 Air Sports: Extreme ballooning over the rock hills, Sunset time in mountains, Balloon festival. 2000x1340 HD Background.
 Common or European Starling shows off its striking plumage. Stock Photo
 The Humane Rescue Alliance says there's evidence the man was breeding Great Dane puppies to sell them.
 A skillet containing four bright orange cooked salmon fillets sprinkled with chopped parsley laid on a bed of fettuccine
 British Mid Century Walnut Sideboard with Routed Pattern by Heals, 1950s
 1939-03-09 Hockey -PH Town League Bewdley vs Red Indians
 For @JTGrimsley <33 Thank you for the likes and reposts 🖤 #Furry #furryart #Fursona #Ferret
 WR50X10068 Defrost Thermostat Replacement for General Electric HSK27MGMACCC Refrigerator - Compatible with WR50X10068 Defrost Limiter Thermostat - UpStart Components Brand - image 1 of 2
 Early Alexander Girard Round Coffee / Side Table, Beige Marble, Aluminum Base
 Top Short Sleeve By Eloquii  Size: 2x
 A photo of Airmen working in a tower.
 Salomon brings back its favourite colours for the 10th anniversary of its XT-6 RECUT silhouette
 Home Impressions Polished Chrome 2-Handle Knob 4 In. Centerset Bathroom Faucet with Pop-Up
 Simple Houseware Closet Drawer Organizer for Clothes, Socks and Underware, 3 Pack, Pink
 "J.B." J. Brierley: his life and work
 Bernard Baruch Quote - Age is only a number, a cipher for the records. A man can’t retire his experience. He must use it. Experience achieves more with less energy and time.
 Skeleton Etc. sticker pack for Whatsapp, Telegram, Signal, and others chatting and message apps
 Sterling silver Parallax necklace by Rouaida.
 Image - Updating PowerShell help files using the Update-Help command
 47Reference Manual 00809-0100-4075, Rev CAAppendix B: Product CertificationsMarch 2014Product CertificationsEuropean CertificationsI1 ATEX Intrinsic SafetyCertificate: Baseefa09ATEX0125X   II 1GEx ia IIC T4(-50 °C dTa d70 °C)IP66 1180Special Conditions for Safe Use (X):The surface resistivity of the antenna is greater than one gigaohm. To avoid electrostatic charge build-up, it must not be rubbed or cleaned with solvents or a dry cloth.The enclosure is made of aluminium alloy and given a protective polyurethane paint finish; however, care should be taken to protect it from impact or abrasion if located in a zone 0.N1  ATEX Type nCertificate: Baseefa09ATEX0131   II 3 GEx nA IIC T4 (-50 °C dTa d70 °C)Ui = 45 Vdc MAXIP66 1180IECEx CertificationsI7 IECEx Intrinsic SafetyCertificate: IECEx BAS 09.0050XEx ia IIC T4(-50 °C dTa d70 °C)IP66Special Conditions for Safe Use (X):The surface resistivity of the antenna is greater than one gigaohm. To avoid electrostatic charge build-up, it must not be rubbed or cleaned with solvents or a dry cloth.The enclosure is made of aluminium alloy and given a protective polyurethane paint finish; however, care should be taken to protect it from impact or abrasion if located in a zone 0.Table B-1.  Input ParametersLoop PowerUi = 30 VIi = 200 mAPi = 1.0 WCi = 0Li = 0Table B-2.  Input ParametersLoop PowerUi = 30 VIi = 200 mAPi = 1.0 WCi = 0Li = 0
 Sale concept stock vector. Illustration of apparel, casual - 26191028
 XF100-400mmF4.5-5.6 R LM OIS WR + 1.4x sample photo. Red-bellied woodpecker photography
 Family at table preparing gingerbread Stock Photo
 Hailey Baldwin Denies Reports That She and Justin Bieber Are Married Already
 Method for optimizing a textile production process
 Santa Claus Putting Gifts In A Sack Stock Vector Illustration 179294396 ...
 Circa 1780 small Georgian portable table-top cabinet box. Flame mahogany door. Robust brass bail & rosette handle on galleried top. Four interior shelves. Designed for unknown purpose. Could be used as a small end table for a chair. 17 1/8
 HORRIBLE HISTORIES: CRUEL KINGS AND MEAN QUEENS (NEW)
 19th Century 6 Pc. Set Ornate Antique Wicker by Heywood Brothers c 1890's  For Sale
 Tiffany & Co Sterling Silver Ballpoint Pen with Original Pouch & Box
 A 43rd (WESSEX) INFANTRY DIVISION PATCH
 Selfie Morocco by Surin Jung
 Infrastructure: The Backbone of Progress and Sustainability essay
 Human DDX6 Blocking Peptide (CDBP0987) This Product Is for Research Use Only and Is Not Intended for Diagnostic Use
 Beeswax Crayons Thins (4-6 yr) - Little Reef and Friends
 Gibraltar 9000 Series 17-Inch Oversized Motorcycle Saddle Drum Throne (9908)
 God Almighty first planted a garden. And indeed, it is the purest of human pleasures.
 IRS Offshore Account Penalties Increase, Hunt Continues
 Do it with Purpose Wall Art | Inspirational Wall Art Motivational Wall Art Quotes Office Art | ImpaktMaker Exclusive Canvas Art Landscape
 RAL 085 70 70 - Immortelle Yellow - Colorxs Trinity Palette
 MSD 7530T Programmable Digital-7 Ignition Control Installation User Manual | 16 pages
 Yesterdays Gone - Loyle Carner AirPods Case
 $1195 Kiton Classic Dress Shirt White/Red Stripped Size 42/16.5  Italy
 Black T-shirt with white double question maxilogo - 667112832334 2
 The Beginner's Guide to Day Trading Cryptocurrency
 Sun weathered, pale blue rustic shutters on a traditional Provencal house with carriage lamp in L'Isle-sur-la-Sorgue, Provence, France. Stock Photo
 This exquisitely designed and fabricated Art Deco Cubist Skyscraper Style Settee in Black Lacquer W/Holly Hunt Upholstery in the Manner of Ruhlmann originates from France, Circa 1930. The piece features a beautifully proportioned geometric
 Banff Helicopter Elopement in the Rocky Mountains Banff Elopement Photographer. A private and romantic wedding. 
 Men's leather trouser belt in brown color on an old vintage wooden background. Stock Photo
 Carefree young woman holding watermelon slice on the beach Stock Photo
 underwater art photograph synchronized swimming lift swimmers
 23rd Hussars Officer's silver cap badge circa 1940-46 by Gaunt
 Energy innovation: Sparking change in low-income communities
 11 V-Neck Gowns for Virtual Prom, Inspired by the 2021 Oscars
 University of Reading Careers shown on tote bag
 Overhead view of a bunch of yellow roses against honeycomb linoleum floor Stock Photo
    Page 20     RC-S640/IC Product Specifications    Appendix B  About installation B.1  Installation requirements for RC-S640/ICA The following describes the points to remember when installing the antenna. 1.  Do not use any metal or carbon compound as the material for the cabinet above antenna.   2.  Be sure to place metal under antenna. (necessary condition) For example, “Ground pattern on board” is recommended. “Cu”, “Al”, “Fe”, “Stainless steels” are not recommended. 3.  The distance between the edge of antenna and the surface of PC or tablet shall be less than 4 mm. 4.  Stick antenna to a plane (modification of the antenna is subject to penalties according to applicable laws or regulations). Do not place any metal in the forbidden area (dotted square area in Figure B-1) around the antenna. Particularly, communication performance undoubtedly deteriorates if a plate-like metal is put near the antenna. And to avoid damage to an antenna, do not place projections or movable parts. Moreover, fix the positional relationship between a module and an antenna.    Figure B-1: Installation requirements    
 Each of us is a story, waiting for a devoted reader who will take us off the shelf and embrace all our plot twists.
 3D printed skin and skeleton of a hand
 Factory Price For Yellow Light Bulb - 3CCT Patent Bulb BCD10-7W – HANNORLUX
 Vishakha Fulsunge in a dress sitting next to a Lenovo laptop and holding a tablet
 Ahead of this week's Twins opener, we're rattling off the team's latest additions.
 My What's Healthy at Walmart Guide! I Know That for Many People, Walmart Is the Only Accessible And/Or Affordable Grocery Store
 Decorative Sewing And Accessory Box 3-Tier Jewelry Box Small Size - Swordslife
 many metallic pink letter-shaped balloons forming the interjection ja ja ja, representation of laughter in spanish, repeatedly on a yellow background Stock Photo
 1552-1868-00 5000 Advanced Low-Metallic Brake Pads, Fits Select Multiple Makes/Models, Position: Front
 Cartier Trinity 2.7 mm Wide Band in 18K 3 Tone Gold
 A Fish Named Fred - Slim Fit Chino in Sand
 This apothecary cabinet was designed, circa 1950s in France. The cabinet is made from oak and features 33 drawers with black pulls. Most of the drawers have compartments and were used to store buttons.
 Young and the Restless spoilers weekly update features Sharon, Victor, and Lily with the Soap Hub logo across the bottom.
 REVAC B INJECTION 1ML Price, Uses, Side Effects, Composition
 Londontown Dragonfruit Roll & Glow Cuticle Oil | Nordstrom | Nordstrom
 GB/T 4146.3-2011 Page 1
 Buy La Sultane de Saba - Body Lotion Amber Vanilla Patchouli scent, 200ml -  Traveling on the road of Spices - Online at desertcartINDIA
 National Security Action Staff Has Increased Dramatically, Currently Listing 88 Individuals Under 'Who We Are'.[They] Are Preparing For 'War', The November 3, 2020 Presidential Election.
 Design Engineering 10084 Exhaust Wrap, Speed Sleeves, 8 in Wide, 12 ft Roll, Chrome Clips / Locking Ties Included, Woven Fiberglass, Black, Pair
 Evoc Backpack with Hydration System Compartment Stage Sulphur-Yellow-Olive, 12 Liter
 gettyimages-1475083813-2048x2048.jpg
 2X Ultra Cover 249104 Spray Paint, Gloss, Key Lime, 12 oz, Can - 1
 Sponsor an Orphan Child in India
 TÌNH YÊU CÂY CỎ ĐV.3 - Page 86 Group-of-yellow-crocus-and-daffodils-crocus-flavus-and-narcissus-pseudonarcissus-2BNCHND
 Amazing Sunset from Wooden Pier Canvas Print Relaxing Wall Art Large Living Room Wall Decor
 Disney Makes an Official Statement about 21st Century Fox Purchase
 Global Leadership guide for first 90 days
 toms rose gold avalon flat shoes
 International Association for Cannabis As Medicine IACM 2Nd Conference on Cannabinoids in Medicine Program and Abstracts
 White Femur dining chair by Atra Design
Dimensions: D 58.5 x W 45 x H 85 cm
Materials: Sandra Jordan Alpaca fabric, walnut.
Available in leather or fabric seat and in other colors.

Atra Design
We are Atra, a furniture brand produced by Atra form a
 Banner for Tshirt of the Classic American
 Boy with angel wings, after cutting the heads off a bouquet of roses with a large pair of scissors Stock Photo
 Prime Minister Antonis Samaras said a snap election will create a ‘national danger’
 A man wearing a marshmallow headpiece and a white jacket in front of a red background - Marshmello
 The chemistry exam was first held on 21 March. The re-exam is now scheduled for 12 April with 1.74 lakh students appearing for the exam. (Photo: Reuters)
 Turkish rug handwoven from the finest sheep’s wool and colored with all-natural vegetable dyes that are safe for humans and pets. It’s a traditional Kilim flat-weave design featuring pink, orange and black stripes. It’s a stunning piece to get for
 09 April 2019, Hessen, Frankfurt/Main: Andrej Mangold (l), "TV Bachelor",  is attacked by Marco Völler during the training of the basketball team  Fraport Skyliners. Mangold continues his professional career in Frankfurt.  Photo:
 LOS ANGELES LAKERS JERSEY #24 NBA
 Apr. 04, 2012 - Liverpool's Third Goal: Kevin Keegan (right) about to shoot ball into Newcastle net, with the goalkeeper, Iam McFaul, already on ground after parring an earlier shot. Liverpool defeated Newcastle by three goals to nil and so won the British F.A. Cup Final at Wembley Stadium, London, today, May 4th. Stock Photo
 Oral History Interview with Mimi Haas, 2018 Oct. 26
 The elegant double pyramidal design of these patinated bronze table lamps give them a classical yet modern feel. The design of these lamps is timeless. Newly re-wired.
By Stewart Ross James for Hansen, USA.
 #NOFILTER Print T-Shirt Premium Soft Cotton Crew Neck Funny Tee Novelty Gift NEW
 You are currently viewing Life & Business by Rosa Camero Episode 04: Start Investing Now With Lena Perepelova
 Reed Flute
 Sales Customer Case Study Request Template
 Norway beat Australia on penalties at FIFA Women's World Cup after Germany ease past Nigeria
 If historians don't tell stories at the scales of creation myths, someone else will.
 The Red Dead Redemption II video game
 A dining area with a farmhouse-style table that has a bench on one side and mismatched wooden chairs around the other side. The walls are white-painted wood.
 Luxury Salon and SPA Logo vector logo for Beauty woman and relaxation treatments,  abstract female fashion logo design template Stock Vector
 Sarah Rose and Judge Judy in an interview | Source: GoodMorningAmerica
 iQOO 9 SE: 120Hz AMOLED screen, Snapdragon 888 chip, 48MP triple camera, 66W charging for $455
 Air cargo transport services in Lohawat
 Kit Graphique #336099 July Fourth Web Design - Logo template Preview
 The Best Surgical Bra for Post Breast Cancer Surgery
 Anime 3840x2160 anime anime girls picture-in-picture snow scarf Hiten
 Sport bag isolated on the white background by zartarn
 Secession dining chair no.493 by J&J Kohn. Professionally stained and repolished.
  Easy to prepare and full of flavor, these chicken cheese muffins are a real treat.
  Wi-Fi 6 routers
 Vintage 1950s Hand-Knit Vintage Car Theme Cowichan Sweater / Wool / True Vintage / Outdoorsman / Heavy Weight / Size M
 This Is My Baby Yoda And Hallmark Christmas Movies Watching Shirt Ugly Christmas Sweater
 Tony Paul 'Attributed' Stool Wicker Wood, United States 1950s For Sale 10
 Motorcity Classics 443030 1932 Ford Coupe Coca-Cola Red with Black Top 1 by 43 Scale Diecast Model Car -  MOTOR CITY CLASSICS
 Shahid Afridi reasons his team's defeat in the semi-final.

● What the exercise asks
Only the lines above from the line with "REVAC B INJECTION" to the line with "National Security Action", those two lines included, should be reproduced exactly.

● Answer for the task
 REVAC B INJECTION 1ML Price, Uses, Side Effects, Composition
 Londontown Dragonfruit Roll & Glow Cuticle Oil | Nordstrom | Nordstrom
 GB/T 4146.3-2011 Page 1
 Buy La Sultane de Saba - Body Lotion Amber Vanilla Patchouli scent, 200ml -  Traveling on the road of Spices - Online at desertcartINDIA
 National Security Action Staff Has Increased Dramatically, Currently Listing 88 Individuals Under 'Who We Are'.[They] Are Preparing For 'War', The November 3, 2020 Presidential Election.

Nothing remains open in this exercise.